Task details ->
Transcribe word for word the section of the records below that opens with the line containing "Actor William Boyd" and closes with the line containing "The ETCoE team"; drop every picture.

#### The data ####

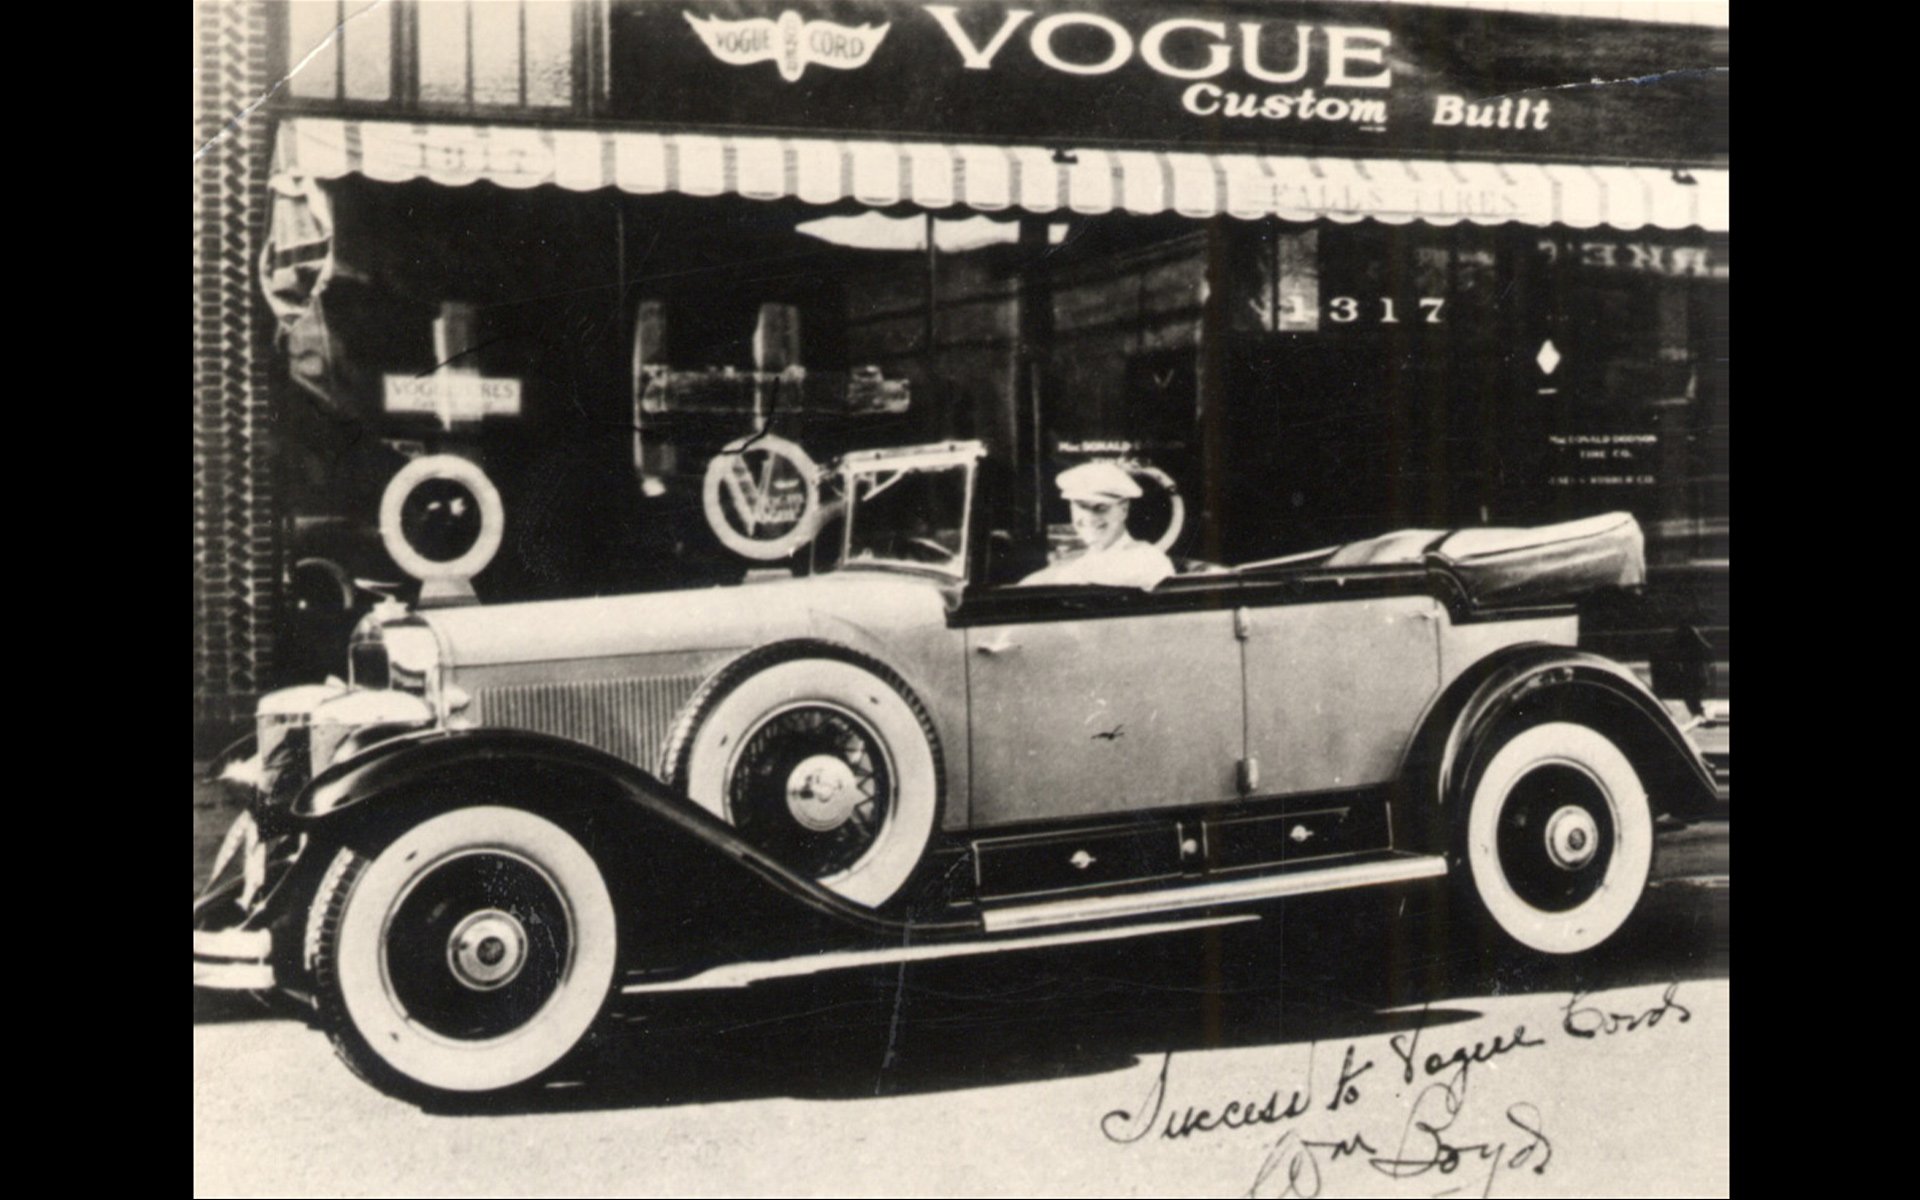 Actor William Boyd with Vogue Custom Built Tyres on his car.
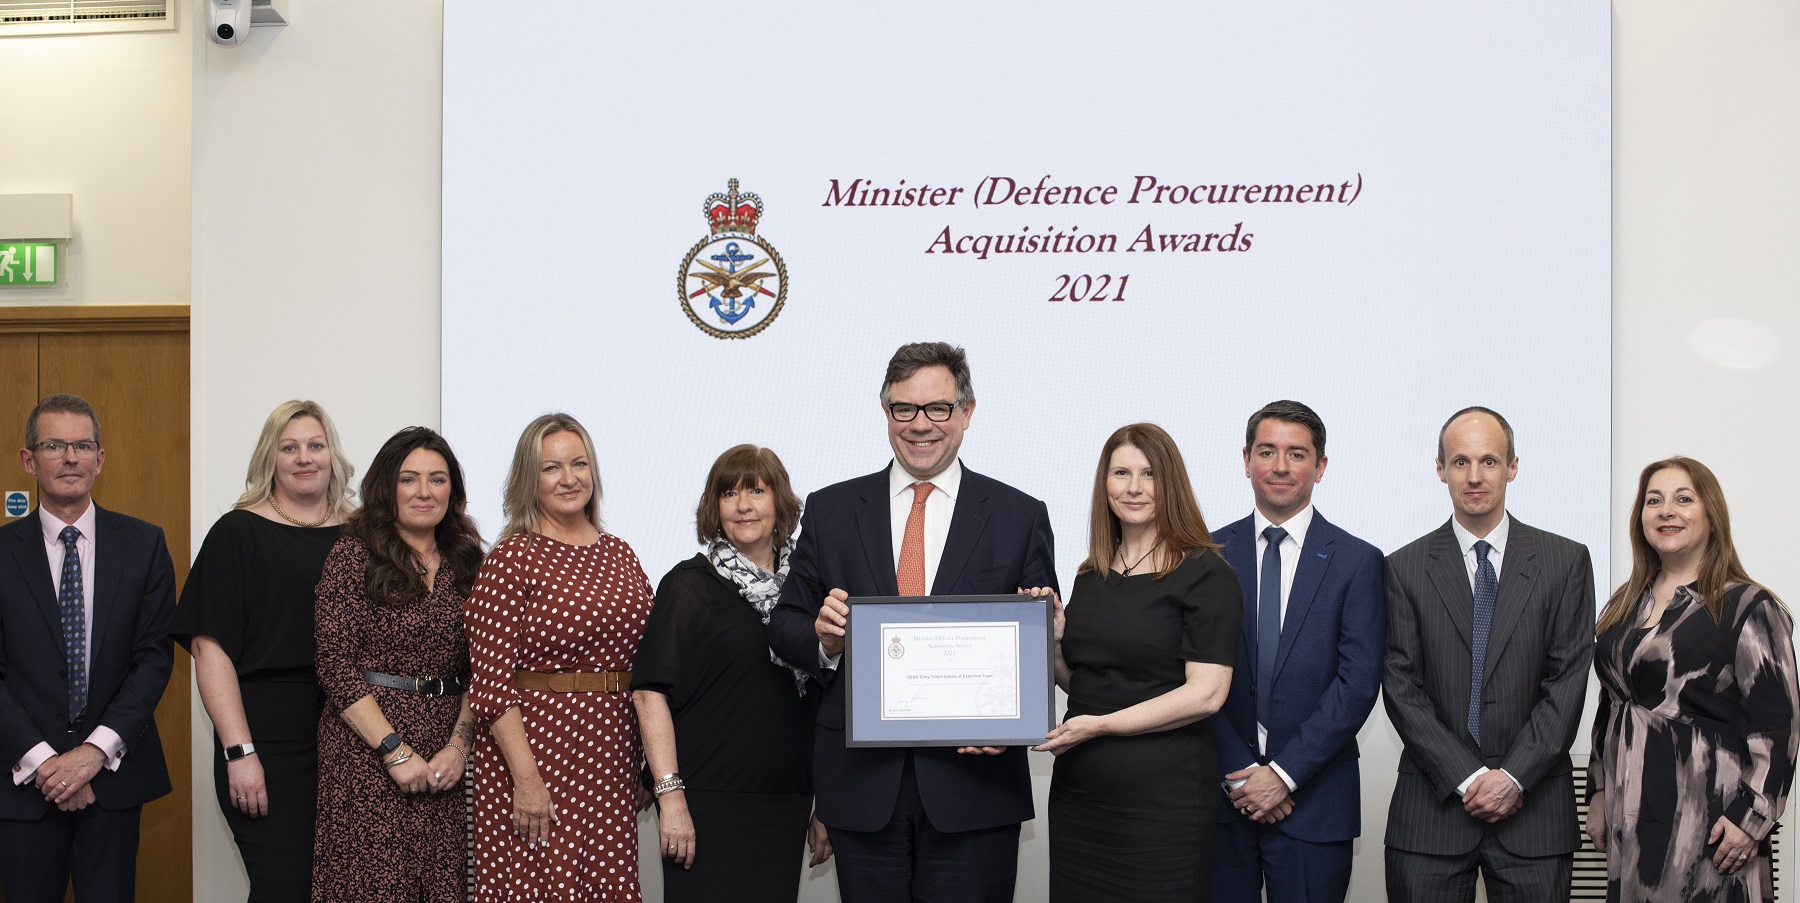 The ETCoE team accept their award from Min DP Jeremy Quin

####
#### The data ####

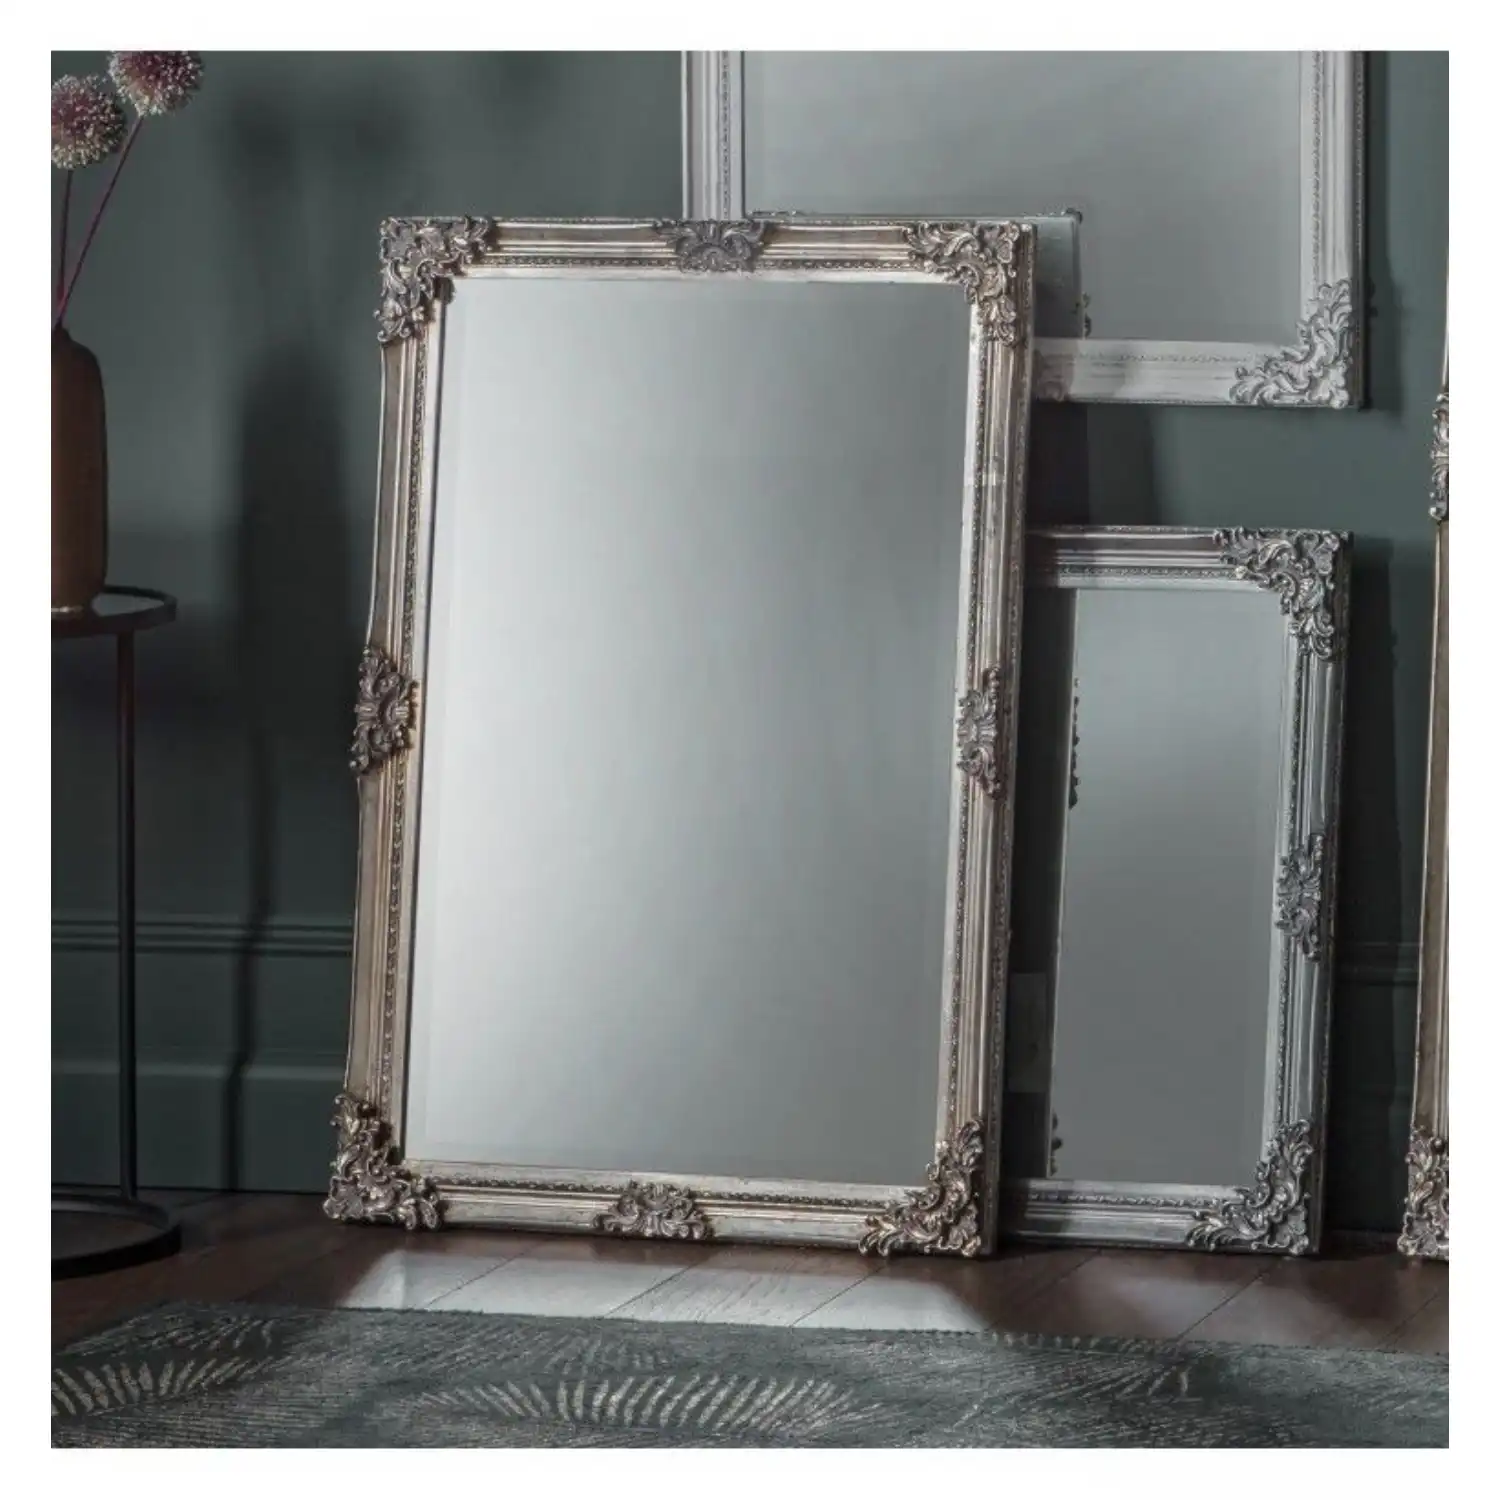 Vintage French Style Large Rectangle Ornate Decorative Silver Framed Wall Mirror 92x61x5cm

####

Expected answer ->
 Actor William Boyd with Vogue Custom Built Tyres on his car.
 The ETCoE team accept their award from Min DP Jeremy Quin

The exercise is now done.